Friday, October 1, 2010

Three Paths to Dual Citizenship

For the past six years, I have worked on the issue of dual citizenship for members of the Africa Diaspora. Anthony Archer, an attorney and professor at the University of California Dominguez Hills, who became interested in the issue as the result of attending a Leon H. Sullivan Summit, has been with me on this journey from the beginning. He wrote a paper on the subject that provides background on this increasingly relevant subject. He joined me in the task force I organized a year ago for the Sullivan Foundation, along with Faruq Muhammad and I. Nia Rogers of the UNIA/African Communities League; Dr. Lisa Aubrey of Arizona State University; Paula Coleman, Tendai Johnson and Eurica Huggins of the African Diaspora Ancestral Commemoration Institute, and more recently, Dr. David Horne of the University of California Northridge.

What I have found through this work is that there are three predominant and equally legitimate paths for the pursuit of citizenship in an African country, while maintaining citizenship in the United States. Each of us has our preferences, but on our task force, we respect the decisions made by individuals unless their concepts are so unworkable that they would not only fail, but could lead others to failure as well.

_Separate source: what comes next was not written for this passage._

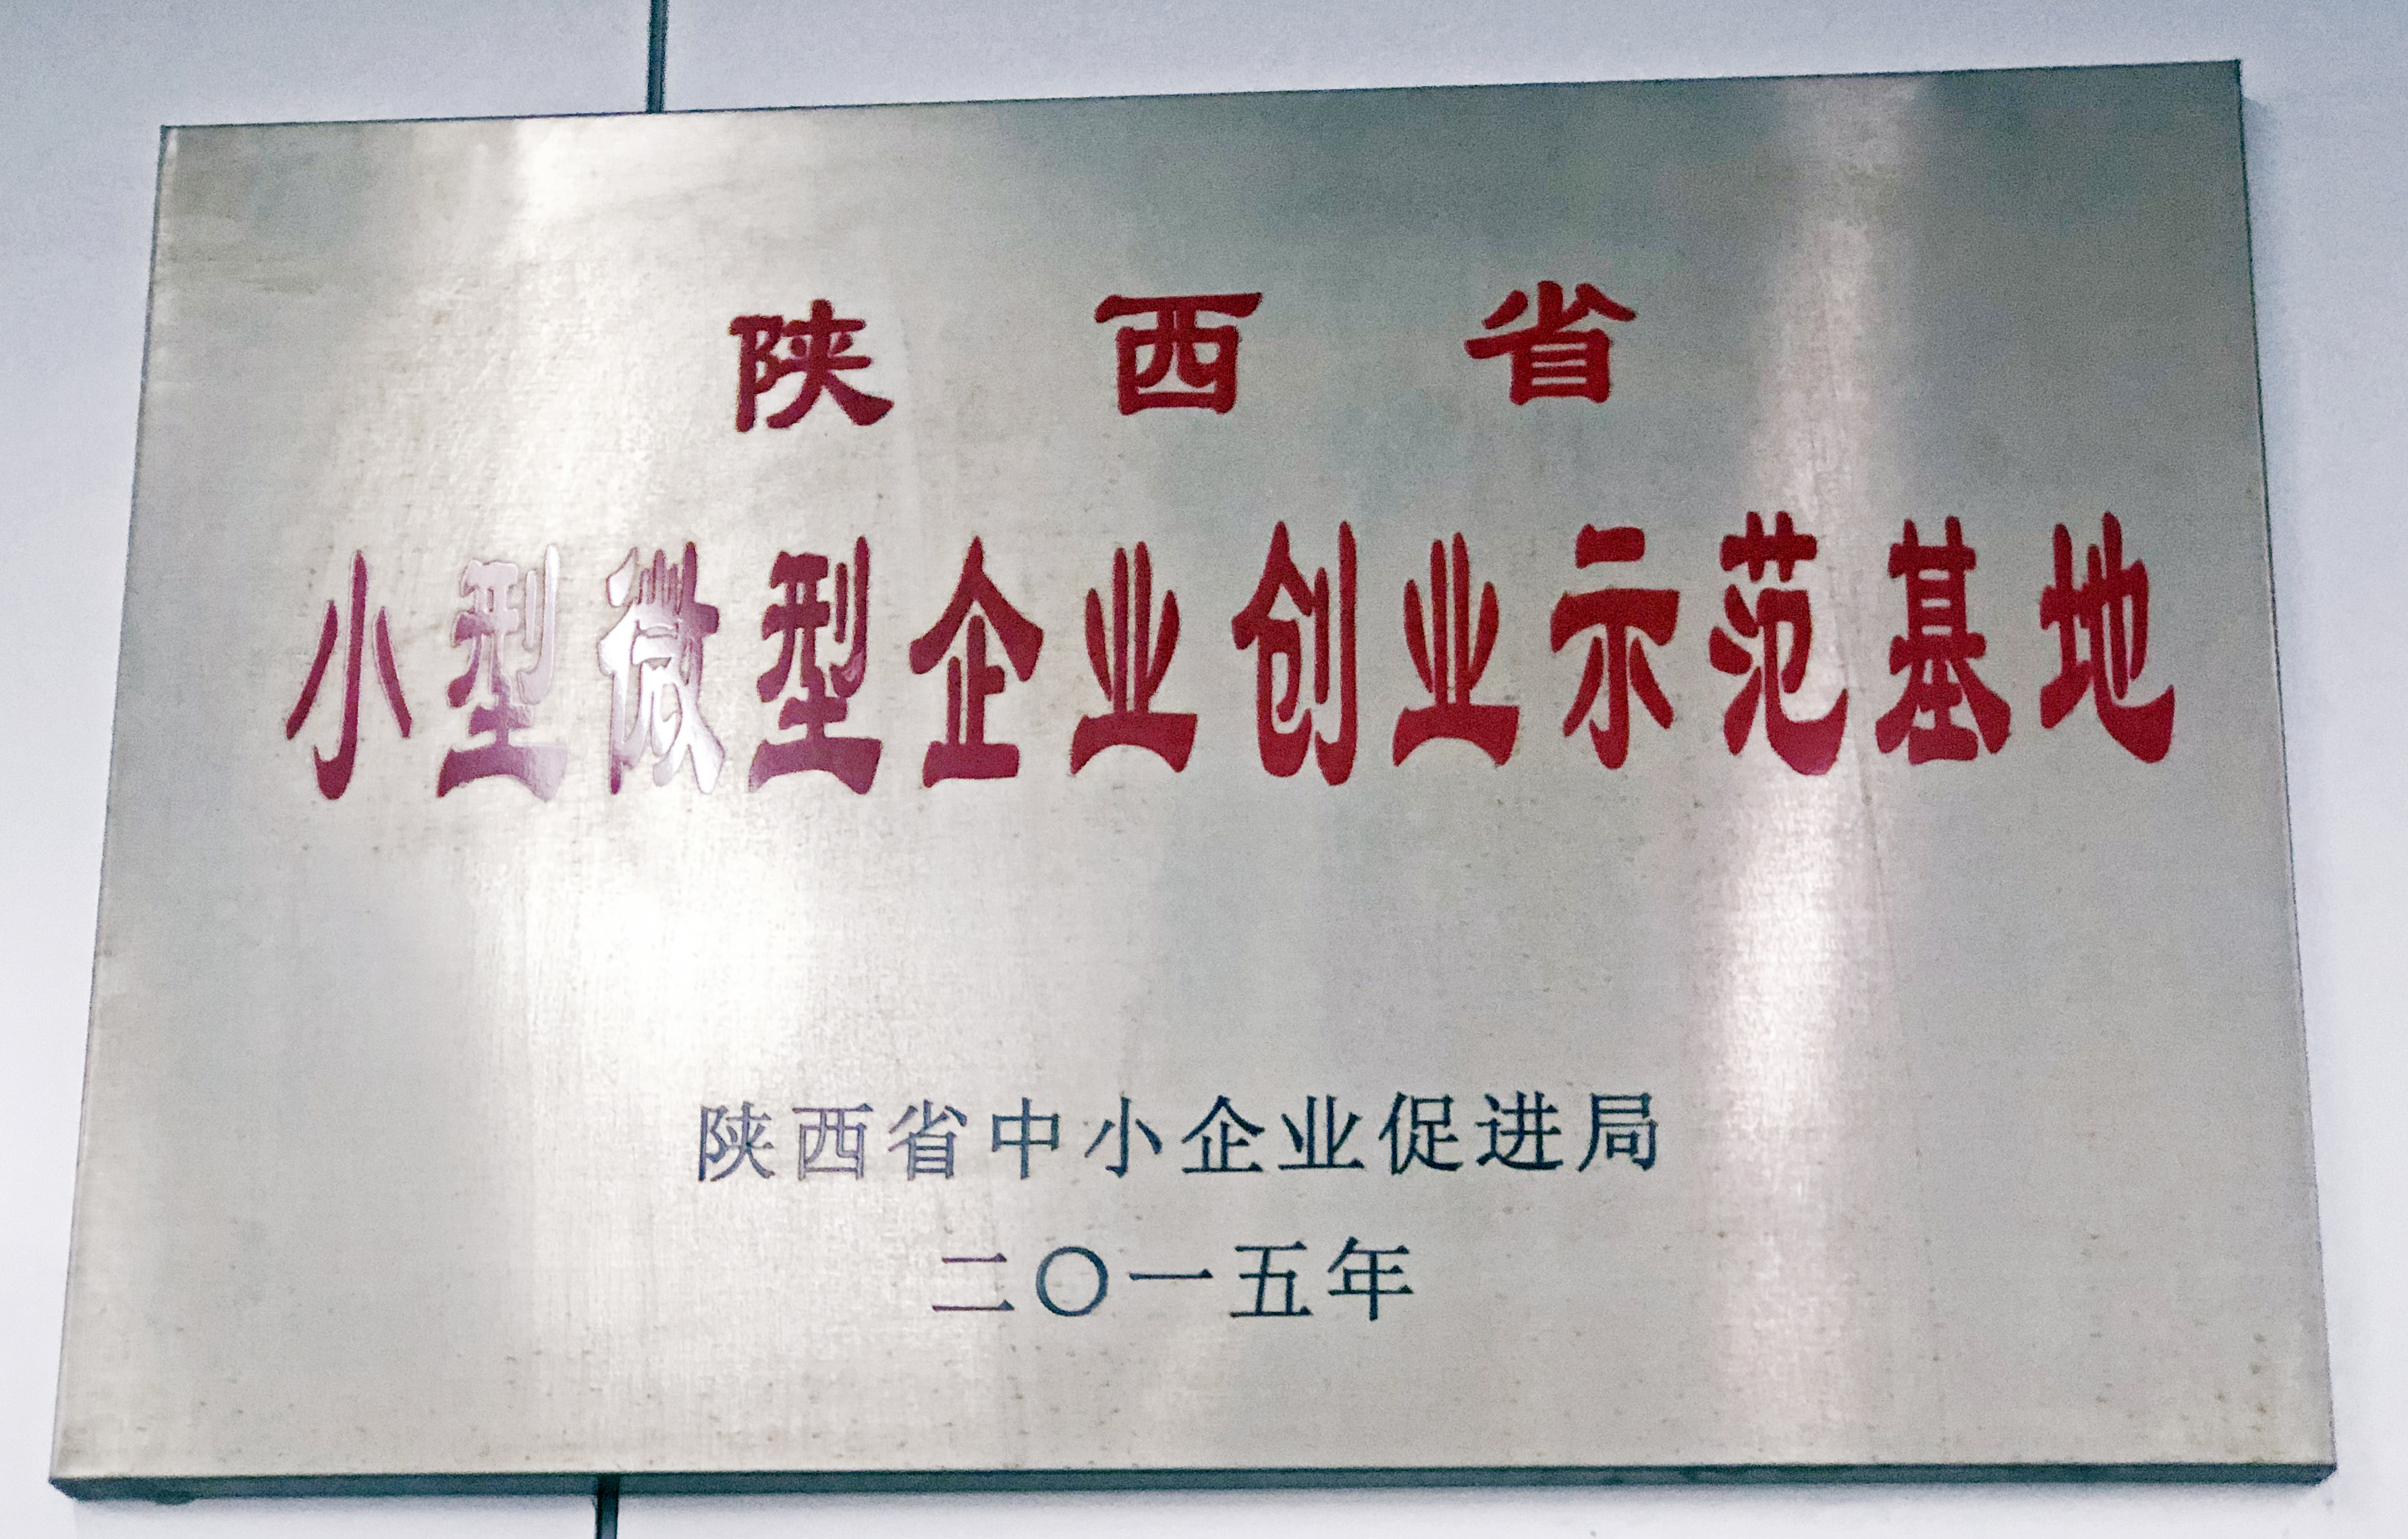 陕西省小型微型企业创业示范基地

For example, during the second of our two workshops on dual citizenship in Atlanta, Georgia, the other day (the first was in Washington, D.C., two weeks earlier), a woman identifying herself as an “ambassador” said all one needed was a letter from the president of an African country or even a governor to travel to any African country and to obtain land.

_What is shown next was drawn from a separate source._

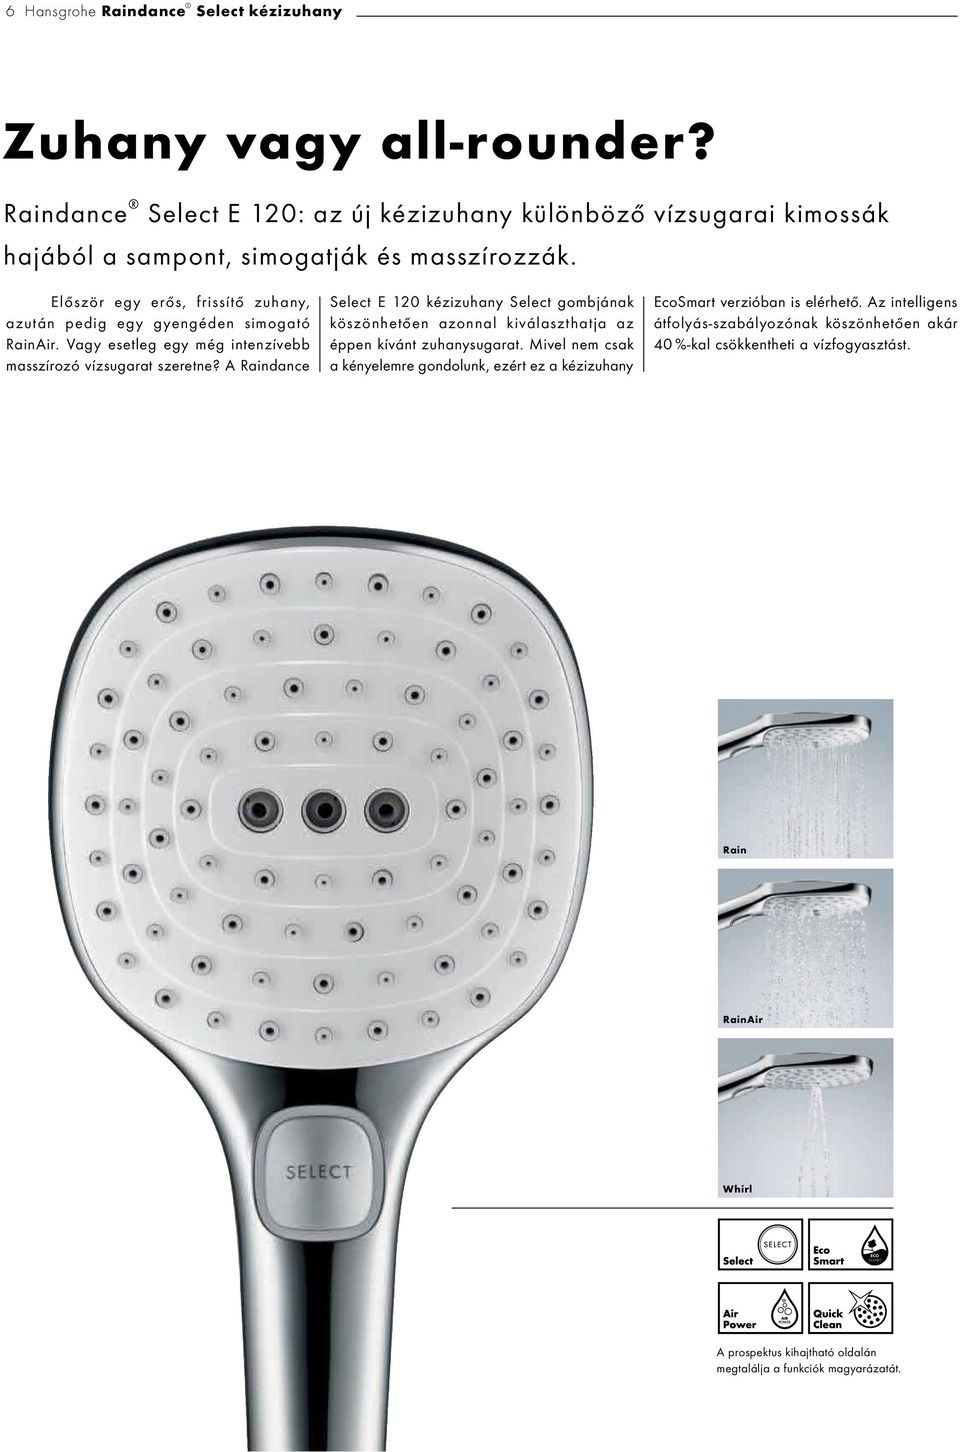 A Raindance Select E 120 kézizuhany Select gombjának köszönhetően azonnal kiválaszthatja az éppen kívánt zuhanysugarat.

First of all, what airline would allow you to get on a plane from America or Europe these days with no visa where required from the country to which you are visiting? Even if you did manage to take the flight to a country with no visa (one can obtain them sometimes at the airport), no letter will get you into a country without permission. Ask yourself this, all countries have a process of obtaining a visa to enter unless they require no visas for residents of selected countries, so why would a government circumvent their own visa system?

As for land, yes, members of the Diaspora were dispossessed of land their ancestors owned or might have owned had they not been kidnapped into slavery. However, to imagine that you can walk into a country and claim land from a government or from people who legitimately own it is not only absurd, it is incredibly selfish.
This kind of magical thinking is why our task force pursues three paths we consider legitimate and reasonable.

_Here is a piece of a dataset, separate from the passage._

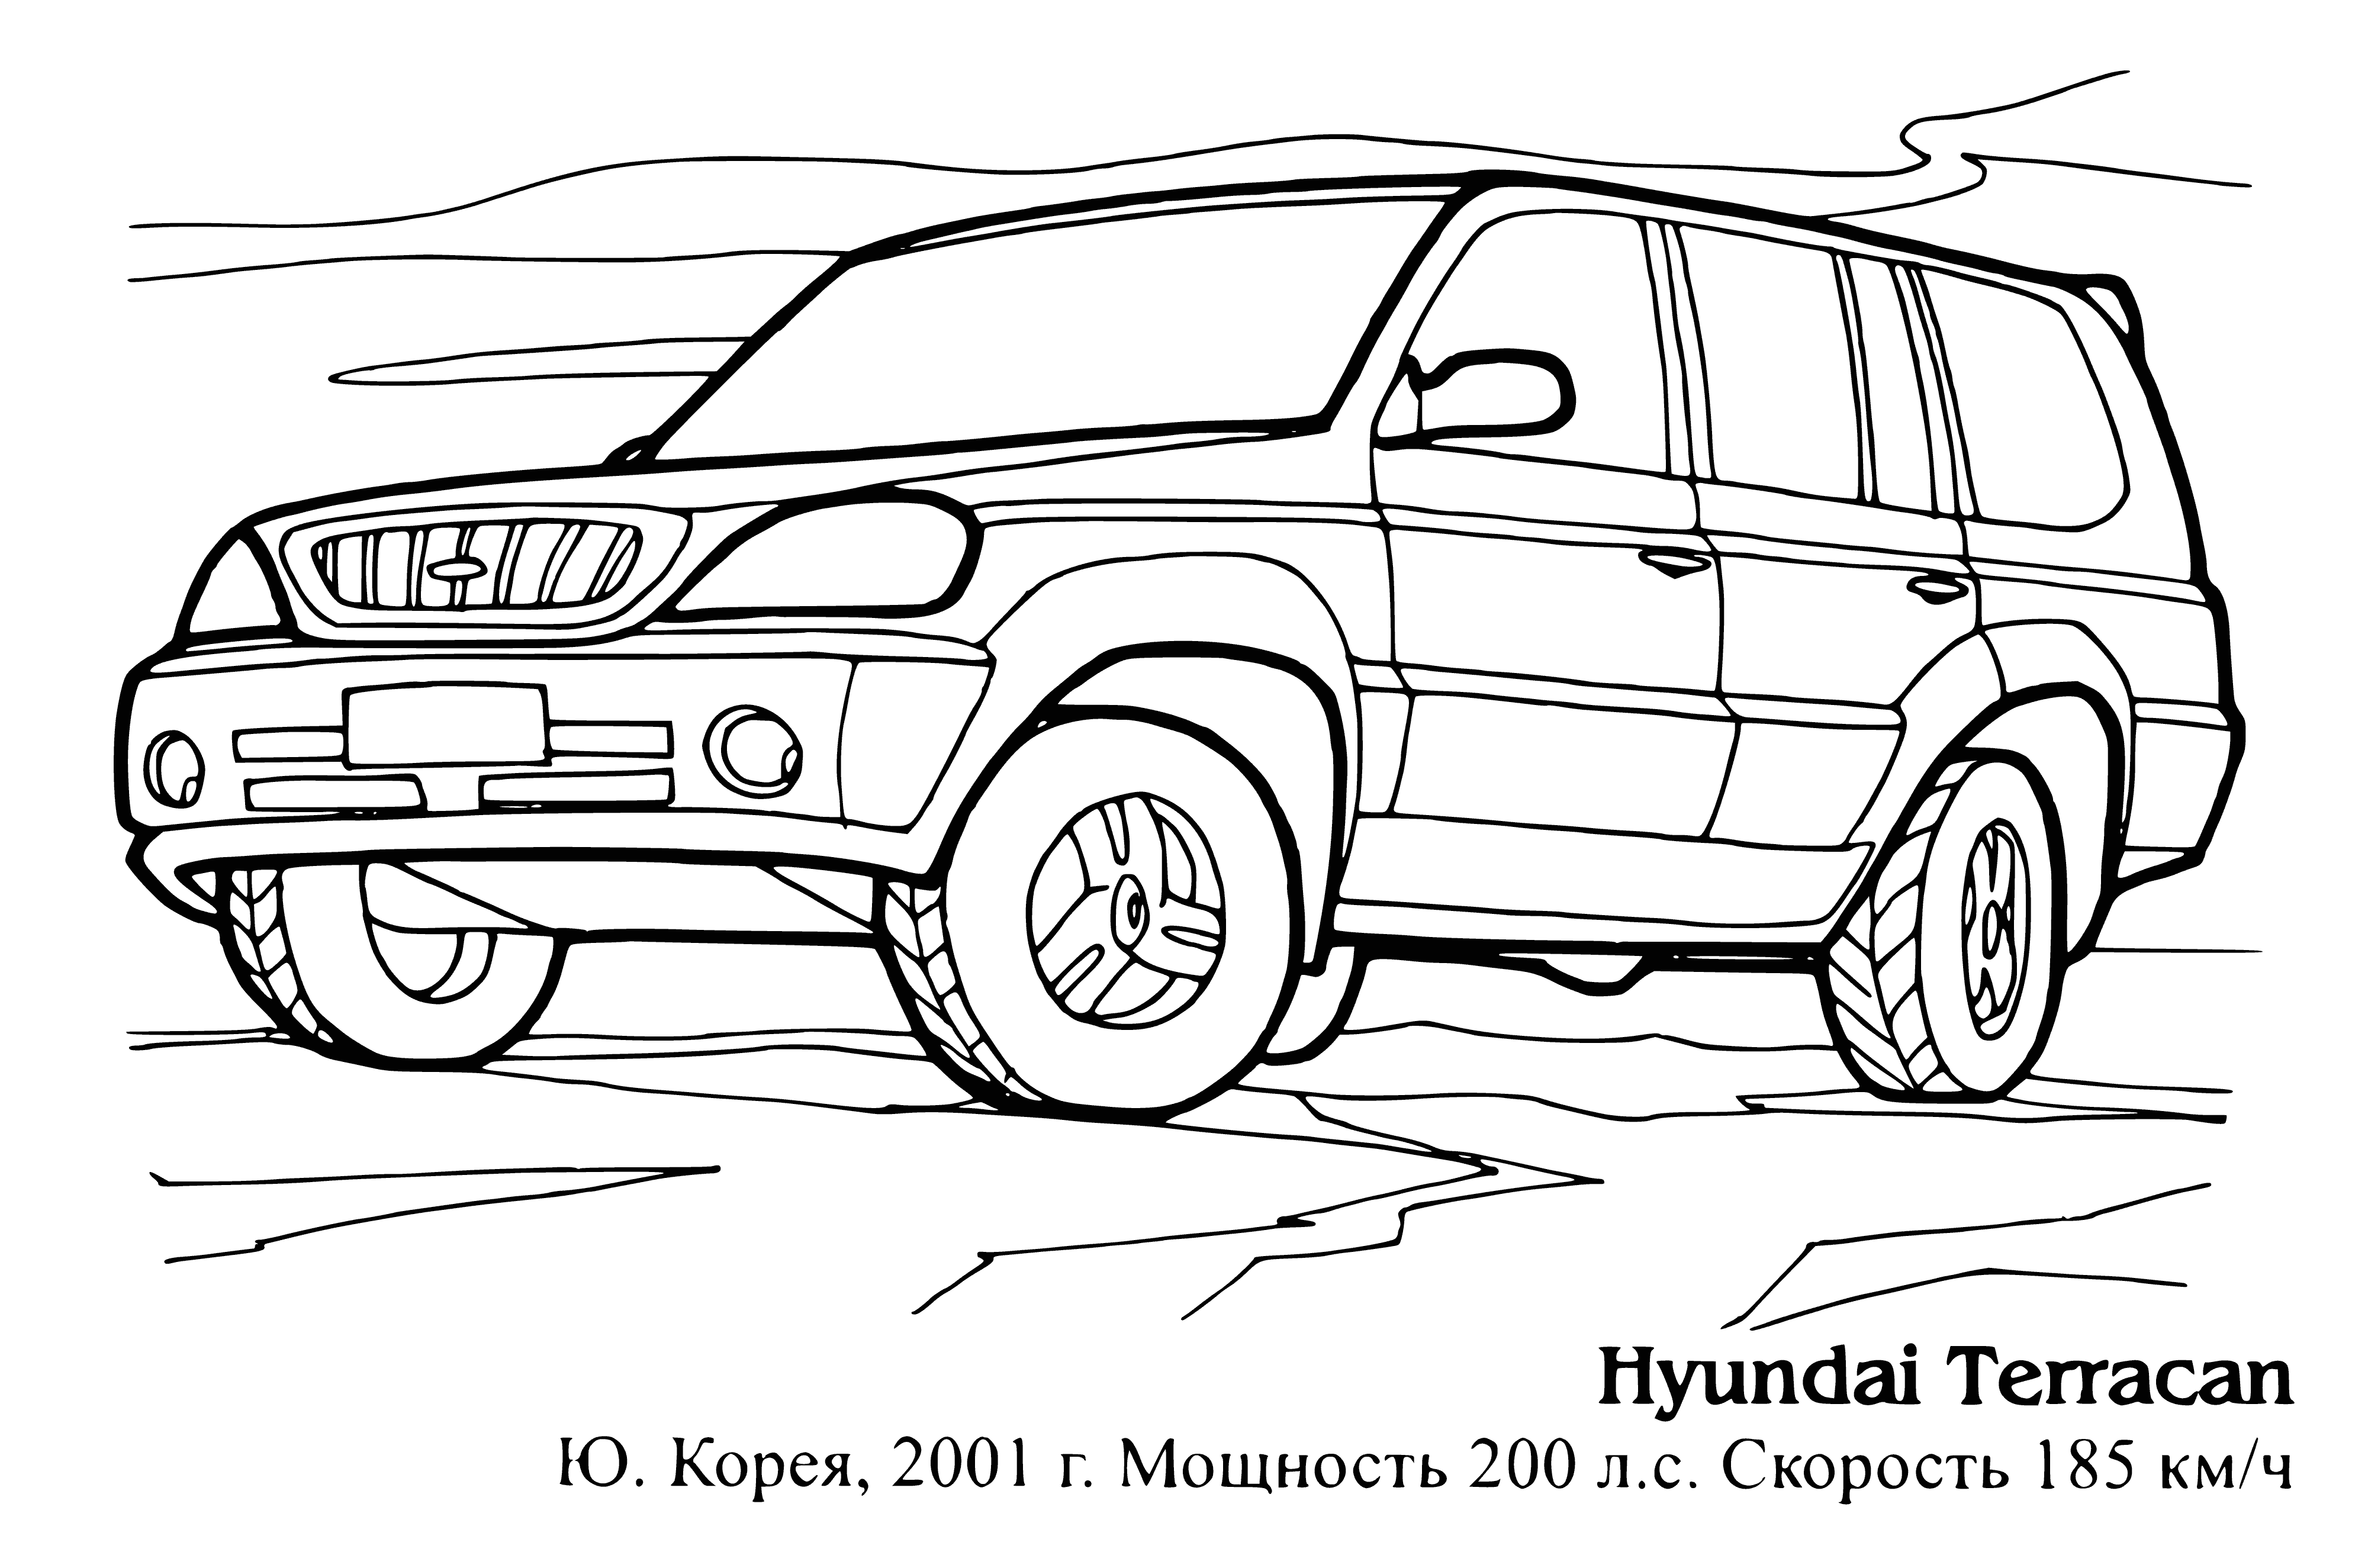 Hyundai Terracan boyama sayfası

First, with the introduction of DNA testing by companies such as African Ancestry,
members of the African Diaspora can now pursue citizenship in countries in which those from their ethnic group now reside. The test, which draws on DNA data from throughout Africa, shows you where the specific branch of your ethnic group resides today. It will not tell you where they were when your ancestors were stolen away, but then the borders established by the colonial powers were and are artificial and do not reflect the normal migration patterns that have held for millennia.

We believe this DNA testing can be further certified by African scientists if necessary so that African governments will find the results conclusive for the purpose of honoring the Right of Return. This international code was codified in the Universal Declaration of Human Rights and the International Covenant on Civil and Political Rights, giving any person the right to return and re-enter his country of origin. Without conclusive evidence that we came from a specific country, it has been difficult for members of the traditional African Diaspora to successfully invoke the Right of Return. Now we have science in our corner.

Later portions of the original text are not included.